What the exercise asks:
Copy nothing but the lines below, from the one with "Cheering on all" through the one with "#koh #kingofthehammers", exactly as written; no pictures should appear.

Extracted data:
%%

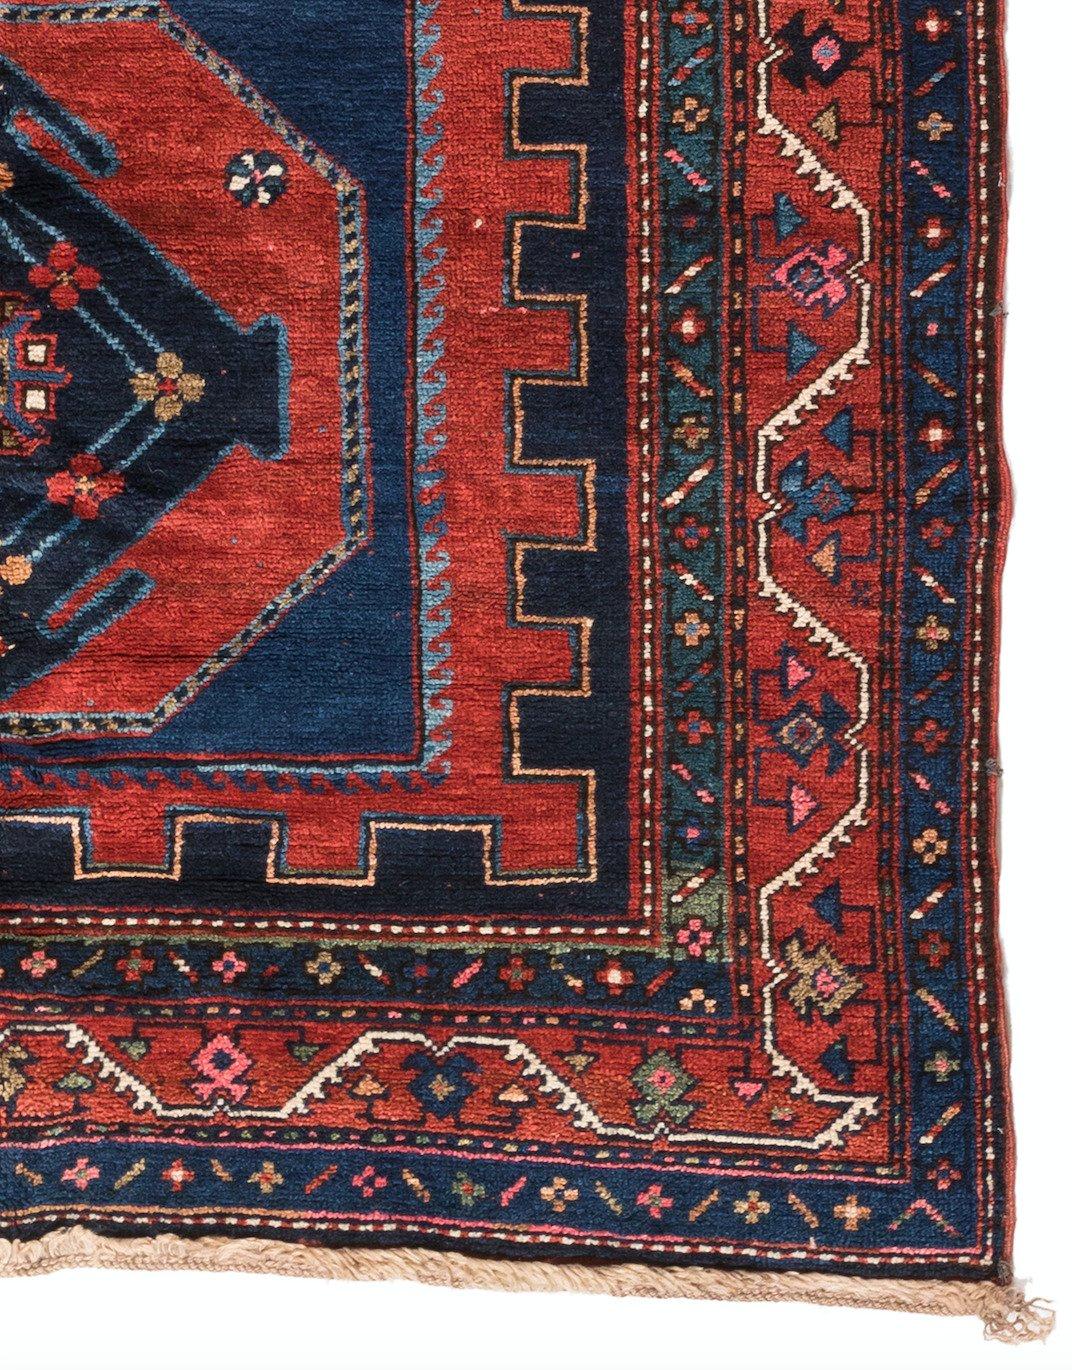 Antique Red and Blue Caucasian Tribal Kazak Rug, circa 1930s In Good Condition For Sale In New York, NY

%%
%%

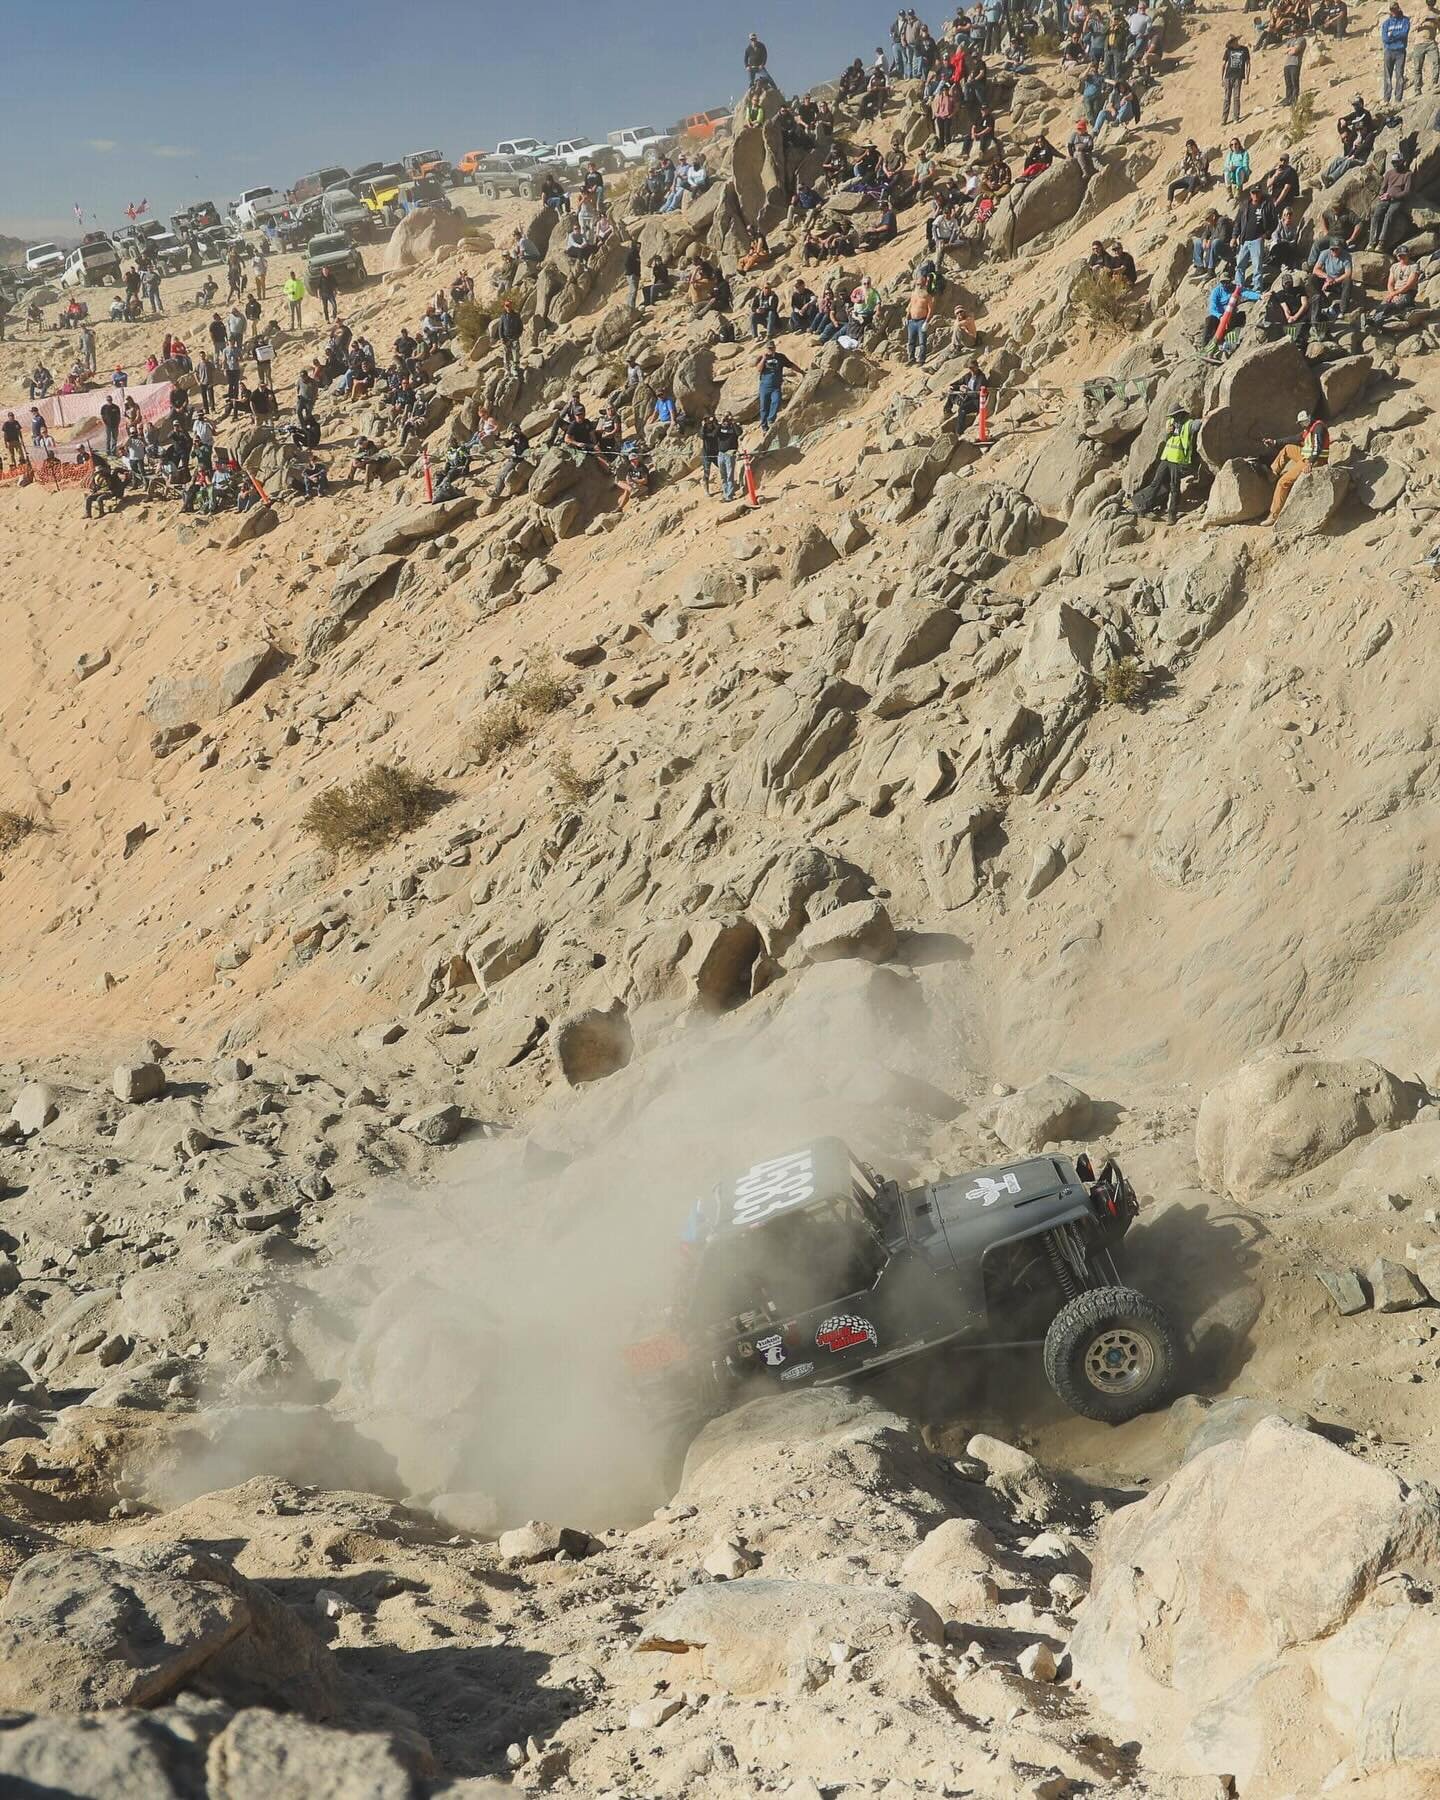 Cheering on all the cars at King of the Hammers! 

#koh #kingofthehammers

%%

Solution to this exercise:
 Cheering on all the cars at King of the Hammers! 

#koh #kingofthehammers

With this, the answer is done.